At the end of 2013, he played for the Cook Islands in the 2013 Rugby League World Cup.

===2014===
On 7 August, Rapana re-signed with the Raiders on a one-year contract. In Round 22, he made his debut for them against the Parramatta Eels, his first NRL game since 2008.

===2015===
On 8 May, Rapana re-signed with Canberra on a two-year contract. On 17 October, he played for the Cook Islands in their Asia-Pacific Qualifier match against Tonga for the 2017 Rugby League World Cup.

===2016===
In Round 8 against the Wests Tigers, Rapana scored four tries in Canberra's 60–6 win.
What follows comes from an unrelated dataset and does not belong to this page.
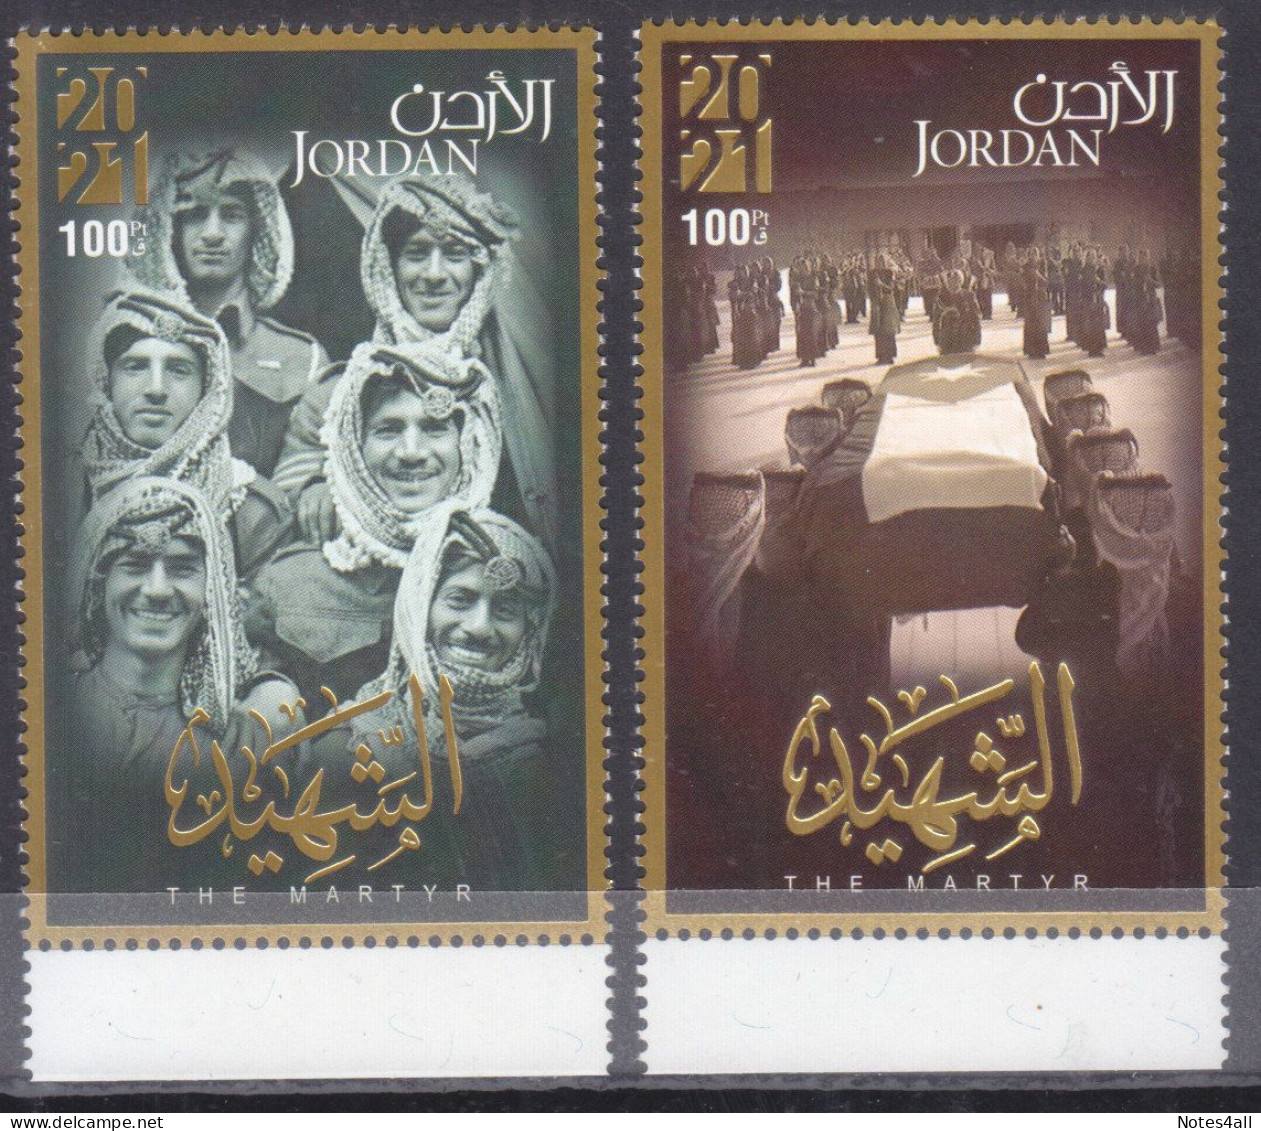 Stamps Jordan 2021 Martyr MNH #62 - Jordanien
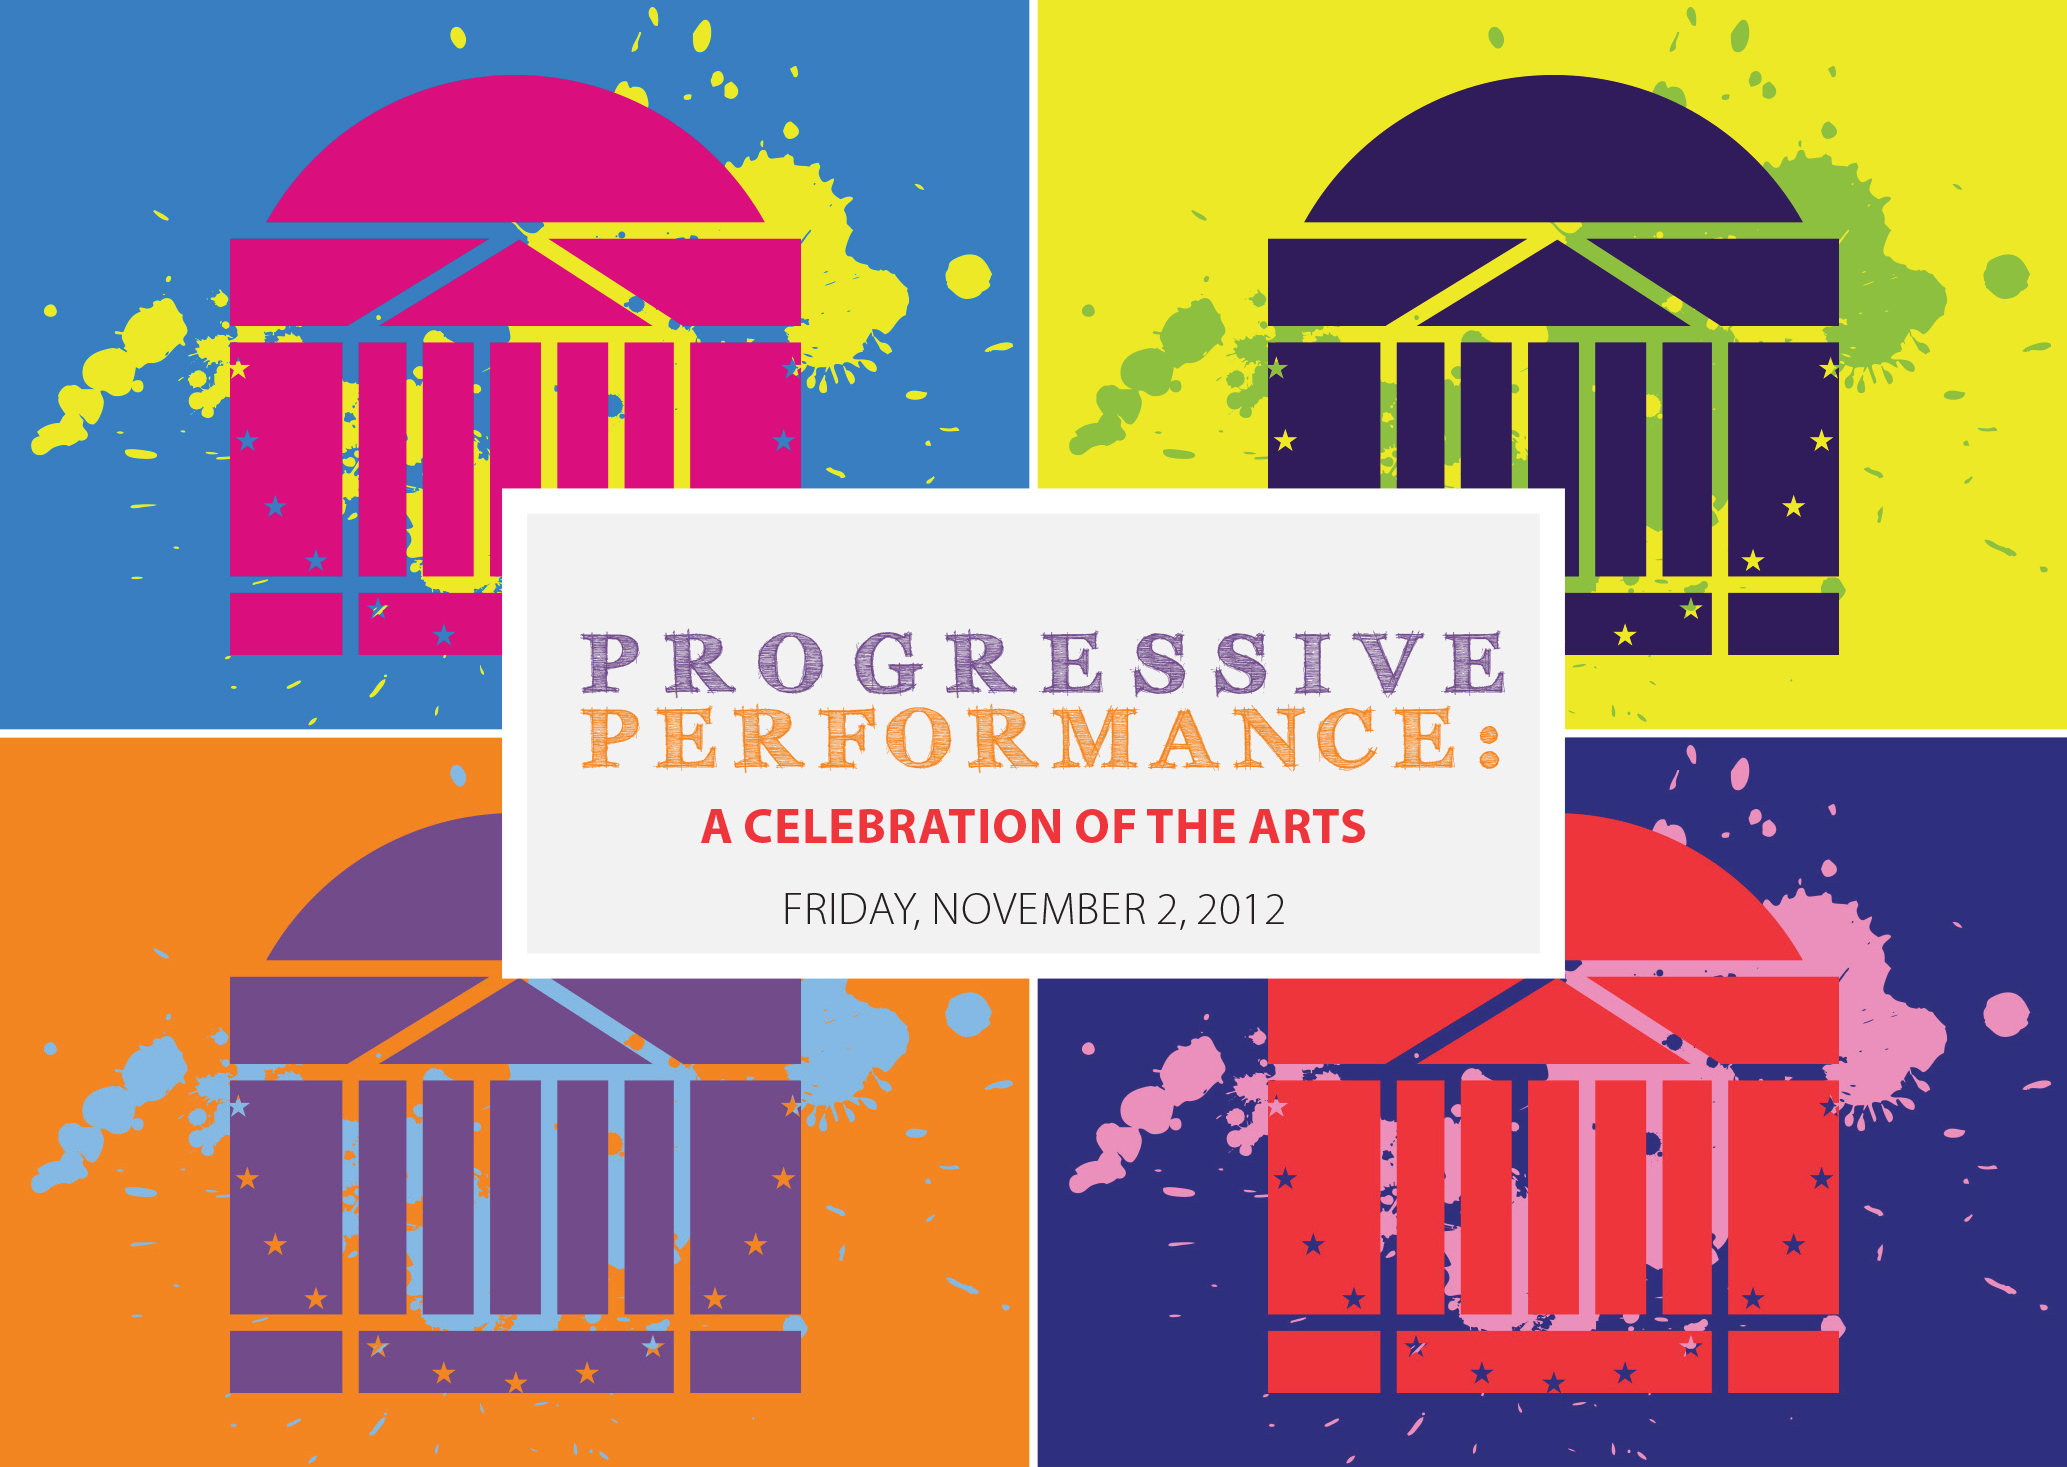 text reads: Progressive performance: A celebration of the arts Friday November, 2 2012

He finished the 2016 season with 23 tries, equal most with Suliasi Vunivalu, and breaking the Canberra club record During the season, Rapana and his centre partner Joseph Leilua became one of the most destructive duos of the year, scoring some fantastic tries and their strong friendship outside the footy field labelling them as "Leipana". On 4 October, he was rewarded for his big year with Canberra by being selected in the New Zealand Kiwis 24-man squad for the 2016 Four Nations. On 15 October 2016, he made his international debut for the Kiwis against Australia, playing on the wing in the 26–6 loss at Perth Oval. In his next match against England, Rapana scored two tries in the 17–16 win at Kirklees Stadium in Huddersfield.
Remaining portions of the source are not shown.